Assigned task:
Word for word and without images, reproduce the listing that follows.

Data provided:

══════════════════════════════

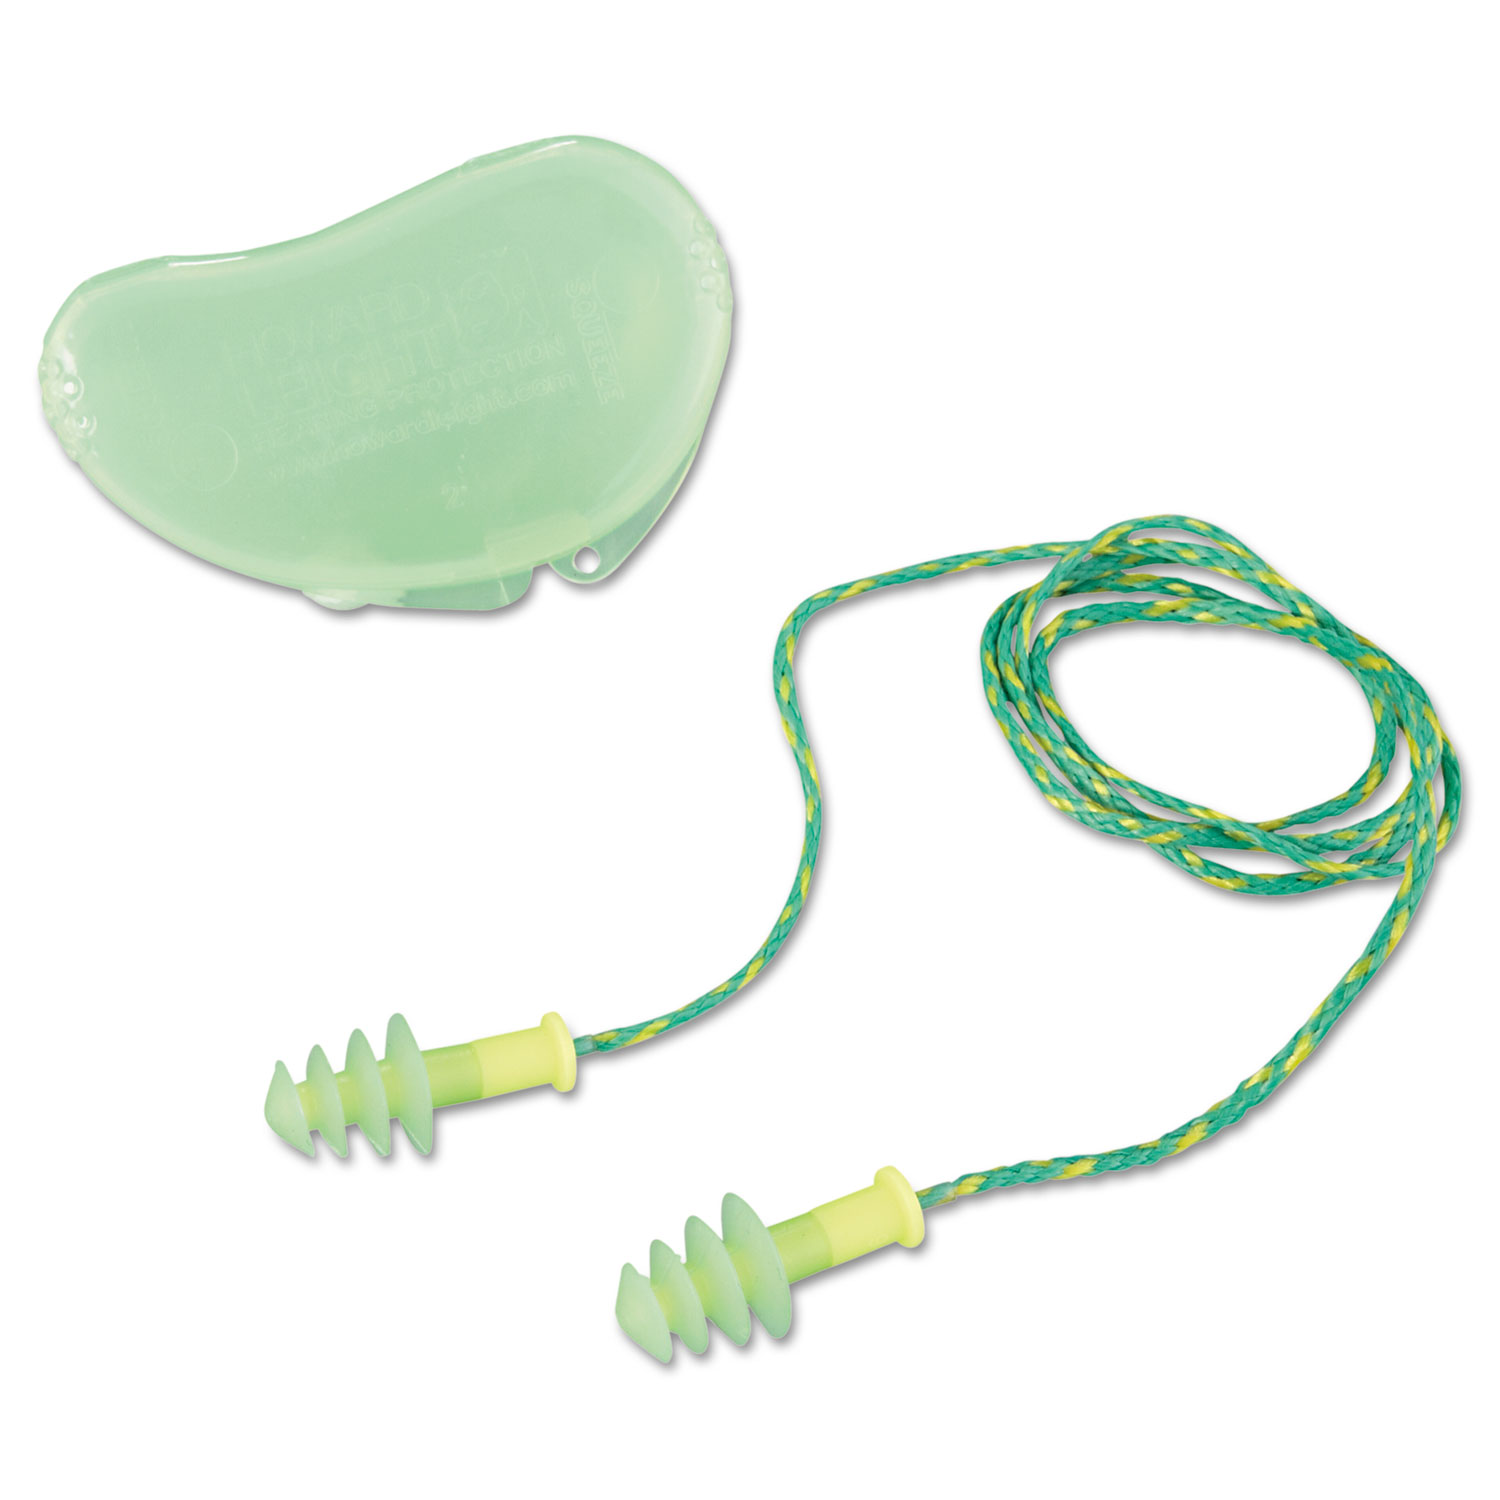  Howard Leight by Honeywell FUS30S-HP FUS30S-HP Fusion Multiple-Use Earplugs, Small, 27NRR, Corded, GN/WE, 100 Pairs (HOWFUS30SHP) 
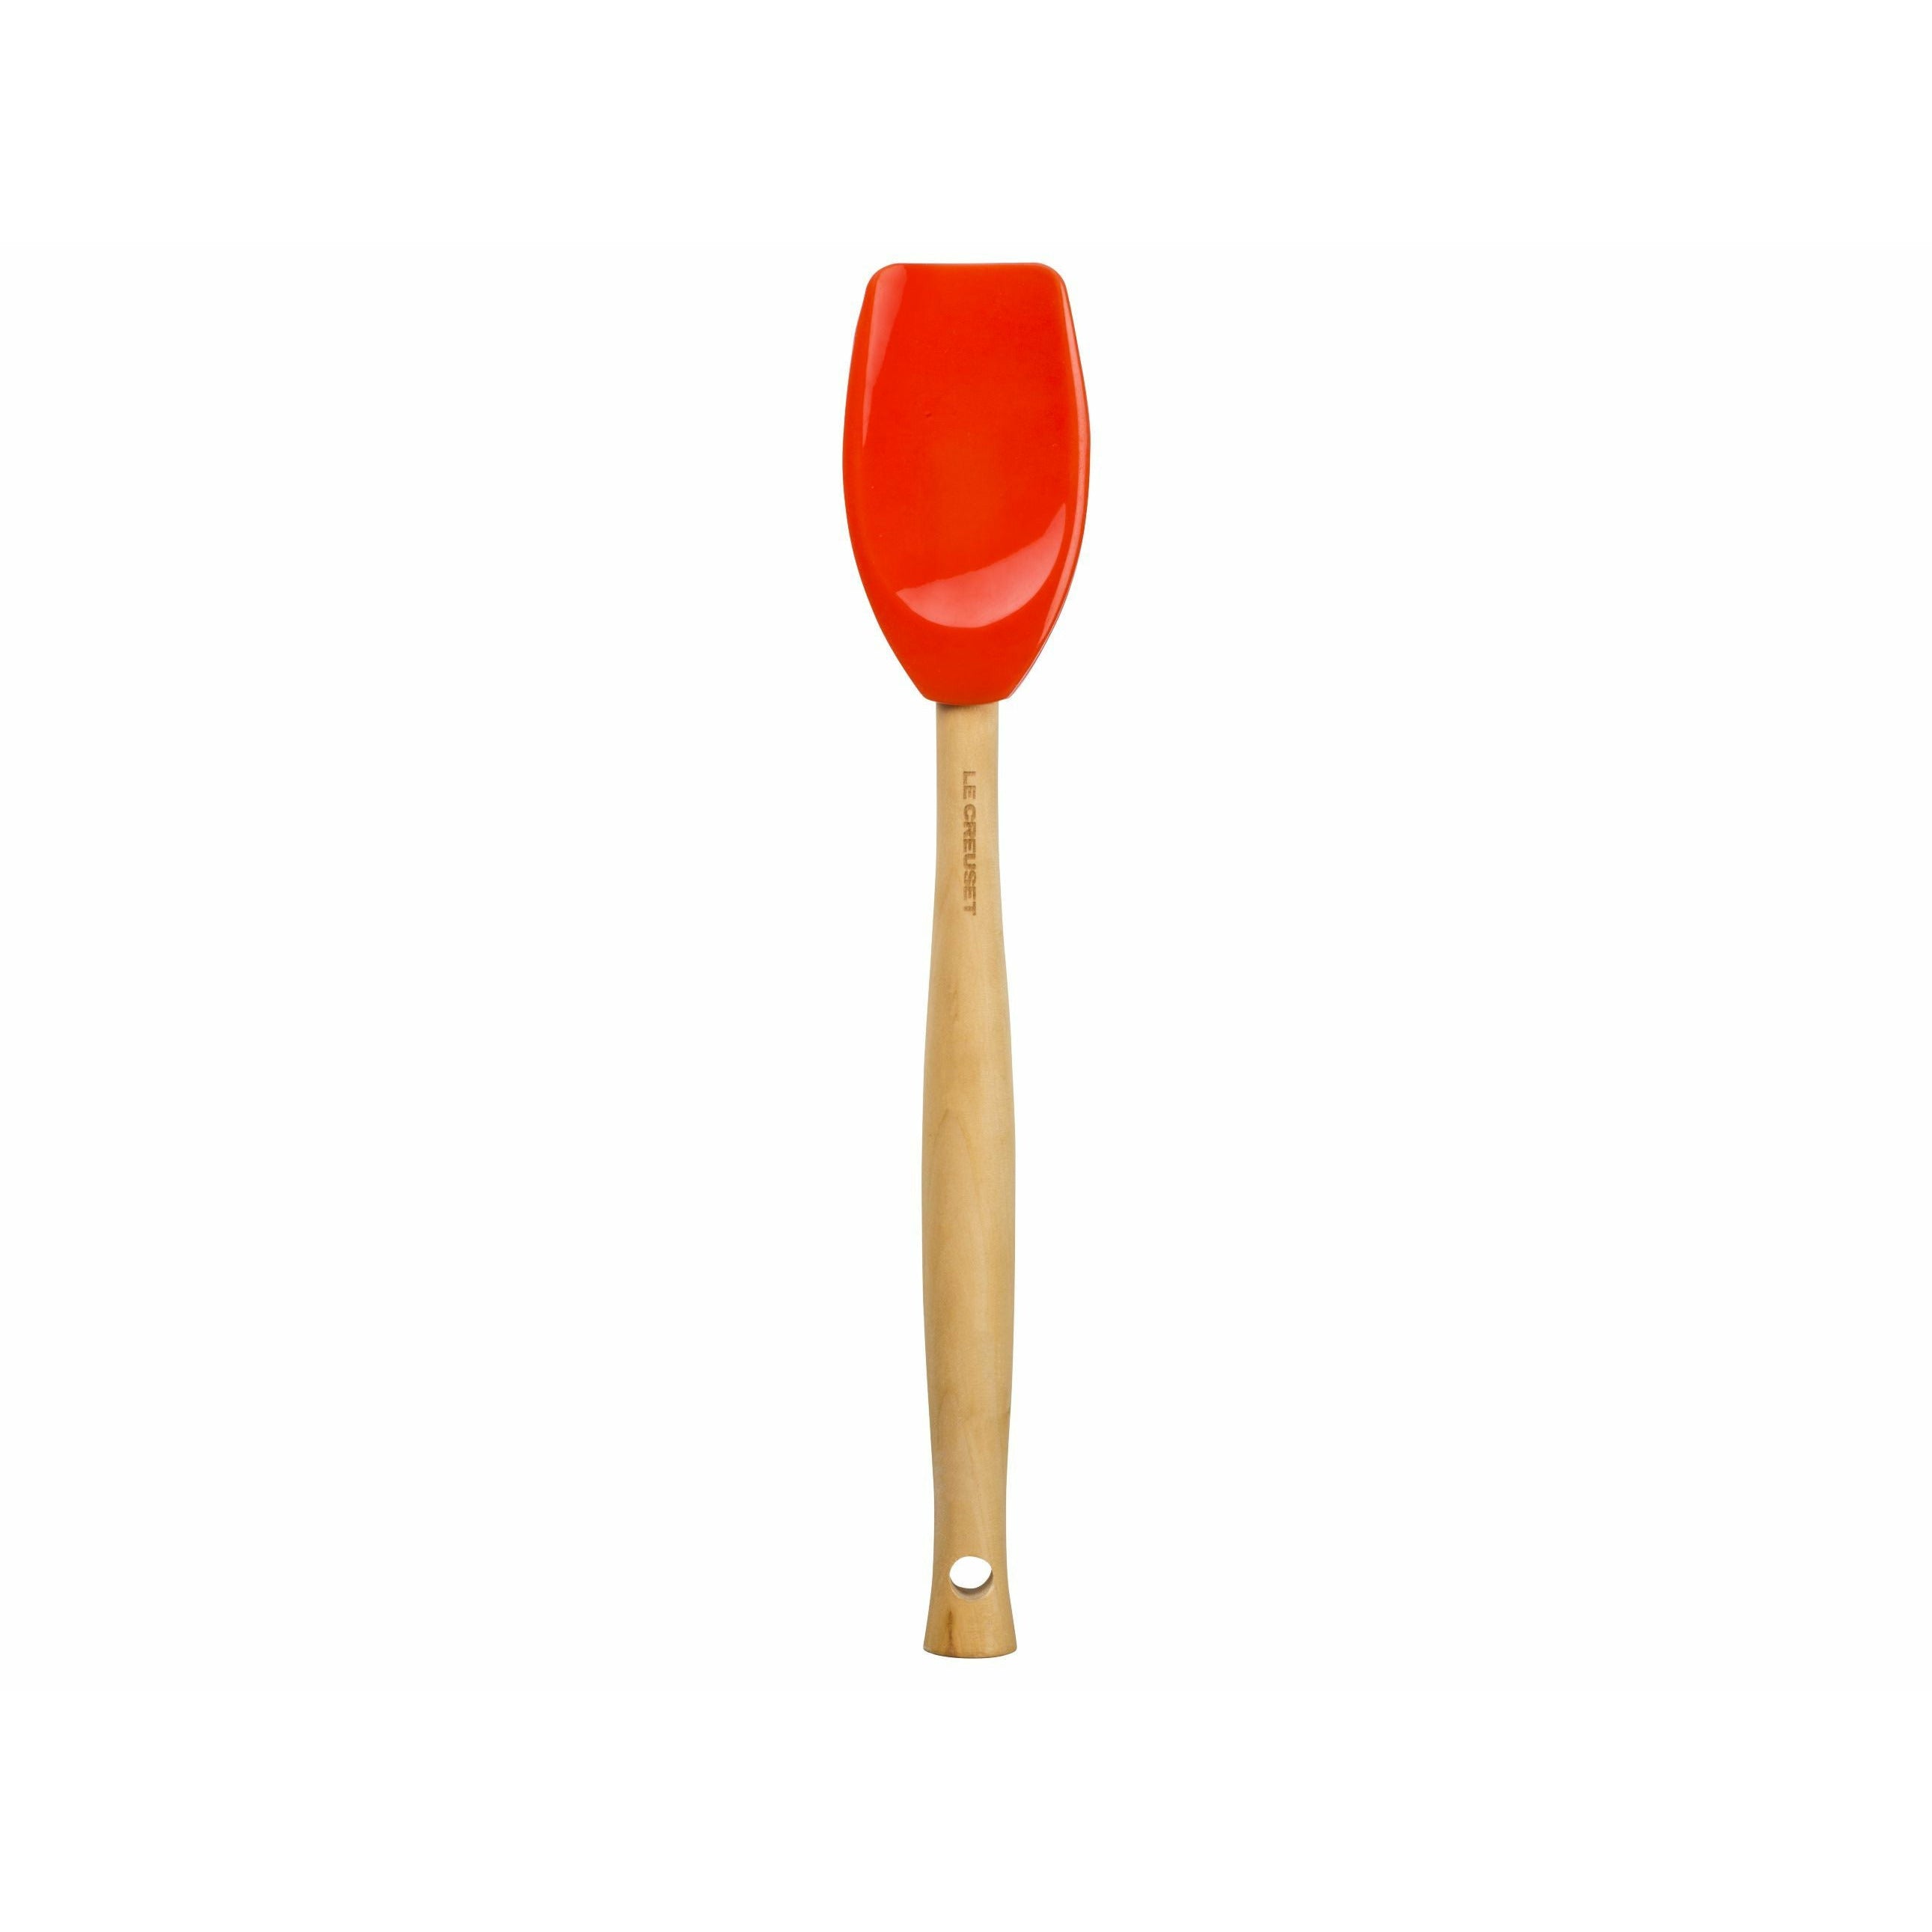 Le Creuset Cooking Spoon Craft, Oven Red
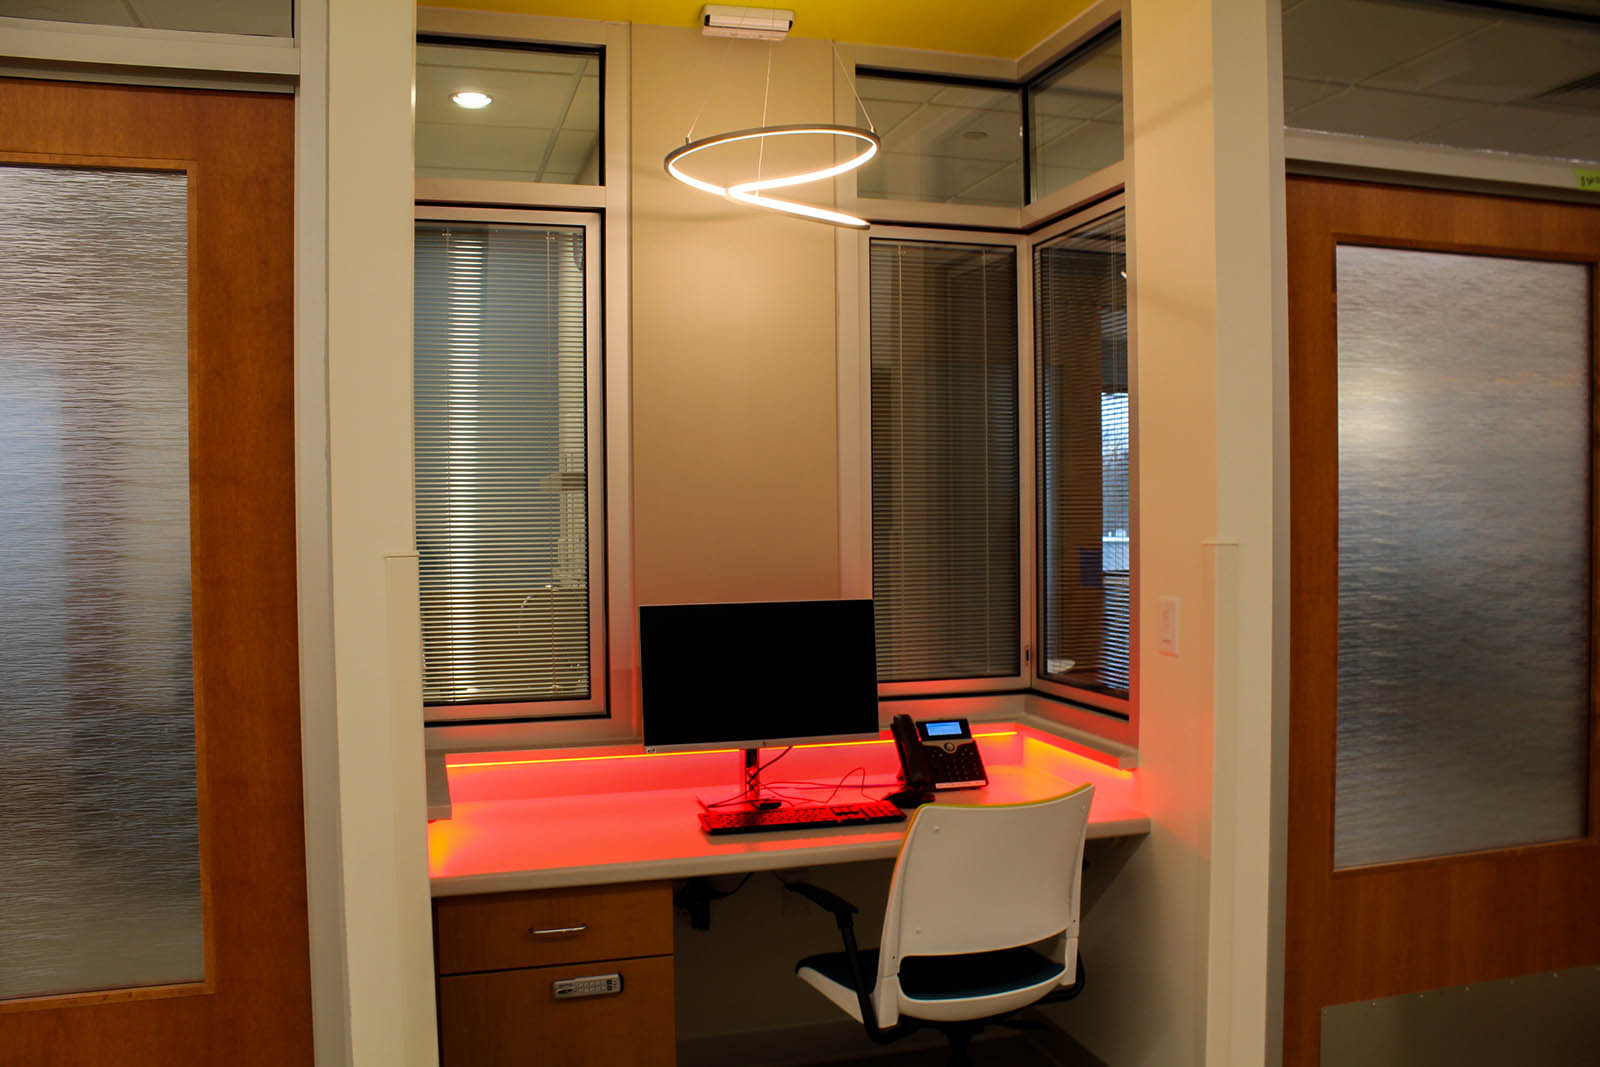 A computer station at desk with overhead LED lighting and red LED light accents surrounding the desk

══════════════════════════════

Response box:
  Howard Leight by Honeywell FUS30S-HP FUS30S-HP Fusion Multiple-Use Earplugs, Small, 27NRR, Corded, GN/WE, 100 Pairs (HOWFUS30SHP) 
 Le Creuset Cooking Spoon Craft, Oven Red
 A computer station at desk with overhead LED lighting and red LED light accents surrounding the desk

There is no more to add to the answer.